People's Deputy of Ukraine
- In office 25 May 2006 – 27 November 2014

Personal details
- Born: 1 November 1959 (age 66) Simferopol, Crimean Oblast, Ukrainian SSR, Soviet Union (now Ukraine)
- Party: Batkivshchyna (until 2019)
- Other political affiliations: The Power of The Law
- Spouse: Tetyana Senchenko
- Children: 1 son (Dmytro)
- Alma mater: Baltic State Technical University
- Occupation: Politician

= Andriy Senchenko =

Ukrainian politician (born 1959)

Andriy Vilenovych Senchenko (Андрій Віленович Сенченко; born 1 November 1959) is a Ukrainian politician, who served as a member of the Ukrainian parliament between 2006 and 2014.

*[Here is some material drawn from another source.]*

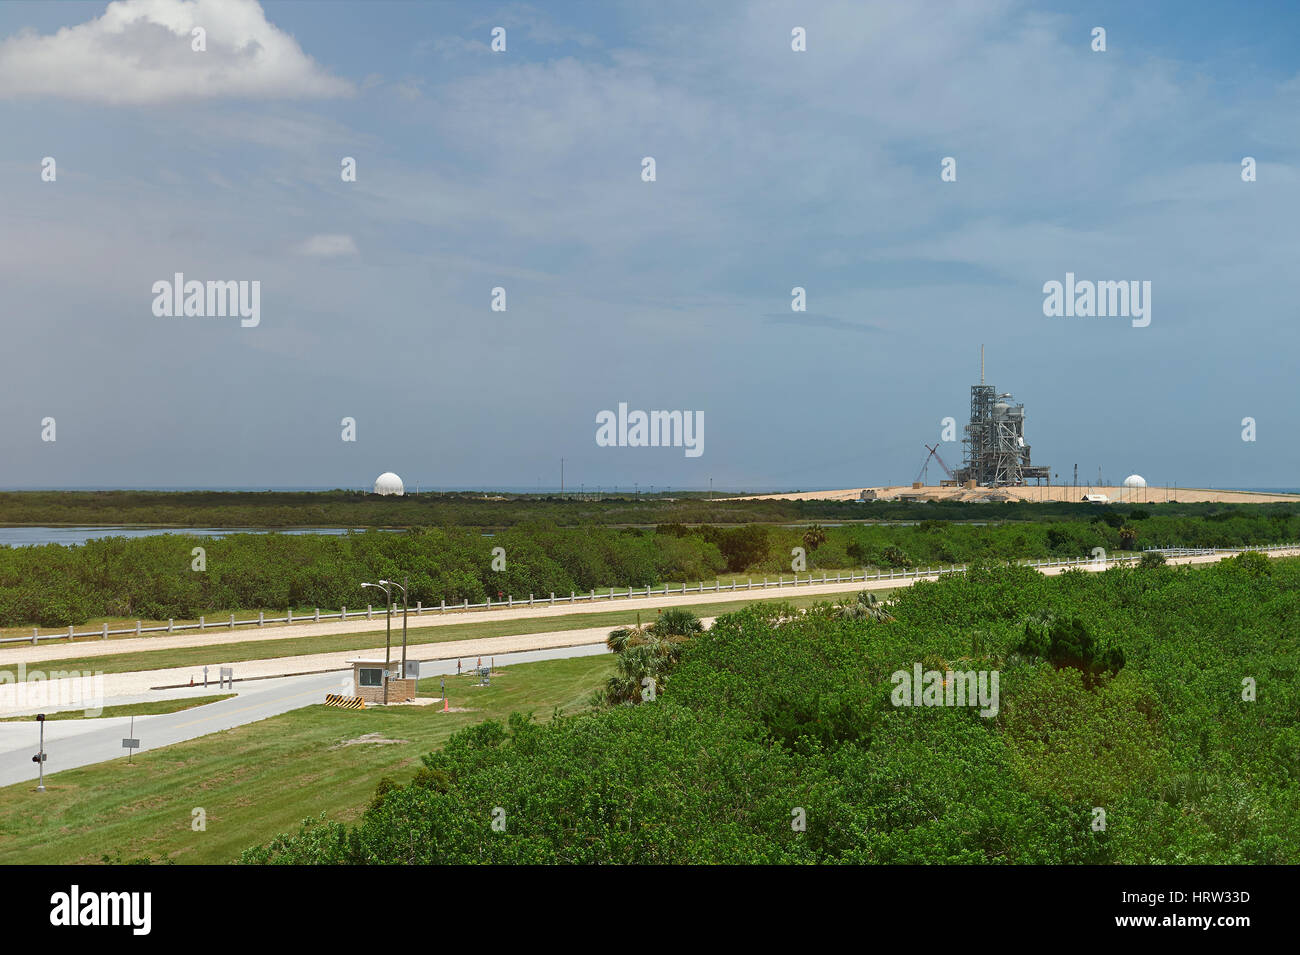 Startrampe für Space Shuttle in Cape Canaveral Mitte. Panoramablick auf Cape Canaveral station Stockfoto

== Early life and education ==
Senchenko was born to ethnic Ukrainian parents in Simferopol, Crimean Oblast, Ukrainian SSR. He graduated from the Baltic State Technical University in St. Petersburg in the field of aviation engineering in 1983. From 1980 on, he was involved in works on the Baikal-Amur Railway project in Siberia. Until the Collapse of the Soviet Union, he held several secretary posts in the Komsomol of Ukraine.

== Political career ==

=== Early career ===
In 1993, after Ukraine regained independence, Senchenko became the Deputy Prime Minister of the Autonomous Republic of Crimea and was entrusted with economical affairs. During the 2006 Ukrainian parliamentary election, he was elected into the Ukrainian parliament, in which he served as a people's deputy until late 2014.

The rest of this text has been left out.